Release Management in a Scaled up Agile Program!
If you are truly agile this should really not be a problem, there I said it.
Release should be a non-event, but traditionally in enterprises release is a huge event, and makes important feeling people who understand very little about what actually is getting released get in a room to make decisions on when and what should be released. This happens due to two underlying issues which are very much correlated.
- Releases are not very often and
- Releases are Huge
Since releases are not very often everyone wants to get their stuff released as they dont know how many weeks/months it will take till the next one comes along which makes them huge. And since they are huge, it takes a long time to get everything ready for a release and very very hard to predict just when is everything going to be ready.
Imagine you need to take a bus every morning for work (there is only one to go to any destination), but there is no knowing when the bus is going to arrive.

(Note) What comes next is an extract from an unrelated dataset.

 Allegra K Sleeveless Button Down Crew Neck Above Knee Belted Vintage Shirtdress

Sometimes there is one every 5 minutes, sometimes it takes half an hour; and then there are days where it just doesn’t show up. What will you do if you see the bus coming but its overcrowded, with people almost hanging out of it? You will most definitely try your best to get on it because you dont know when is the next one coming and everyone standing at every stop going anywhere along the line will do the same thing.

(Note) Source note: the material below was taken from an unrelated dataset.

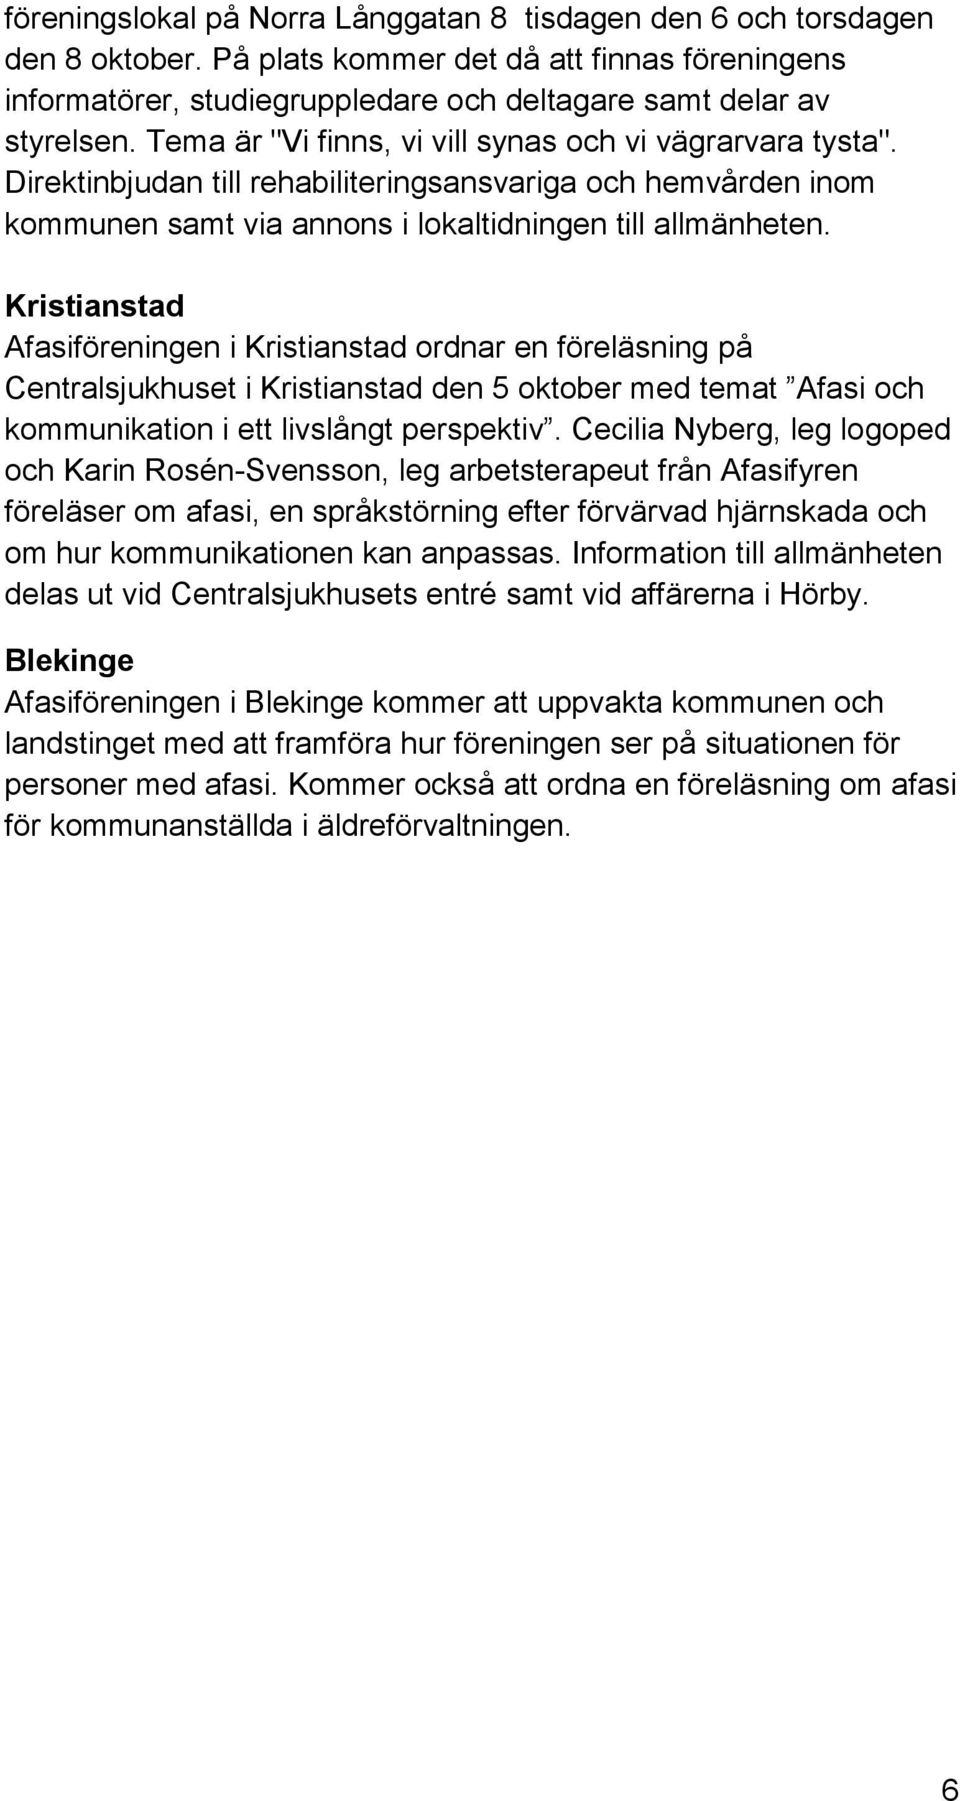 Kristianstad Afasiföreningen i Kristianstad ordnar en föreläsning på Centralsjukhuset i Kristianstad den 5 oktober med temat Afasi och kommunikation i ett livslångt perspektiv.

Now since the bus is overcrowded with people hanging off it, it will move slowly and cautiously so as to not drop anyone, and will stop at every bloody stop to pick up or drop off people so it will take a lot longer to get where you want to go.
But what if you knew that there will be a bus coming every 2 minutes, and there is a different one for each direction. You wont be pressed to get on the bus in front of you, you will be okay waiting for the next one to come along as well and since this bus needs to make much lesser number of stops, even though you waiting a few minutes you will get to your destination quicker.

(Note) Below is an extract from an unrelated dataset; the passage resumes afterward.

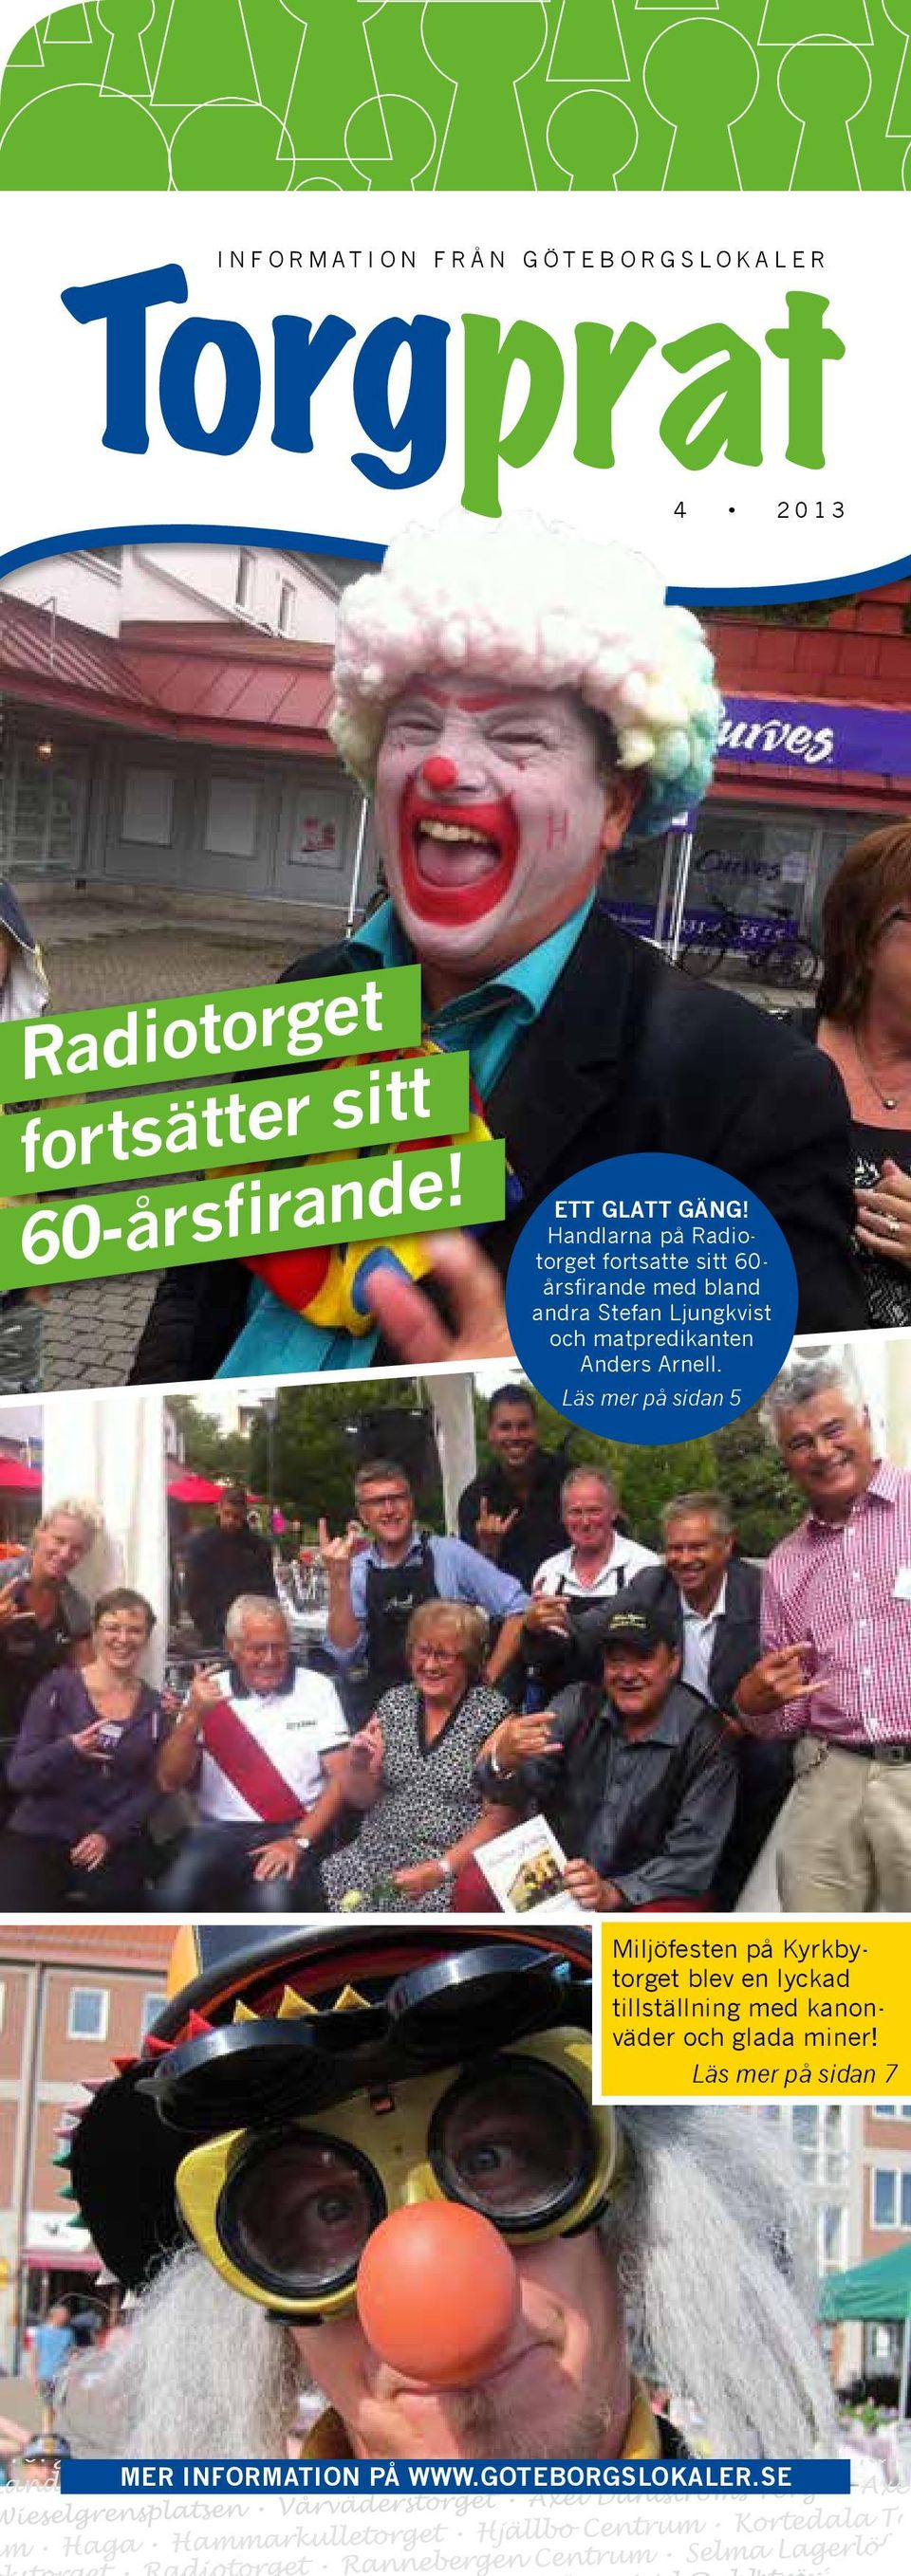 Handlarna på Radiotorget fortsatte sitt 60- årsfirande med bland andra Stefan

The only way to achieve this with releases is by Empowering your teams, push them to break features into smaller chunks and release every possible story that gets done (even if its toggled off) out there.
The only way to achieve this is, if you have
- Empowered independent feature teams that own whatever they are building end to end and ensuring that it plays well with other systems in the pipeline
- Robust CI/CD practice across all teams that dramatically reduces the overheads and gives your team that confidence to take stuff live, because most of the heavy lifting for testing would be taken care of by automation
I have been on projects/programs where we were releasing more than 2–3 times a day across the teams and there was no release management function. Teams and product owners used to get together and figure it out, and great automation and robust CI/CD practice ensured we never broke anything by releasing stuff.
All the more, since the releases were small we could predict with great precision exactly when we can push features/stories live, which gave immense confidence to business to get on with planning around it rather than wondering when its going to go live!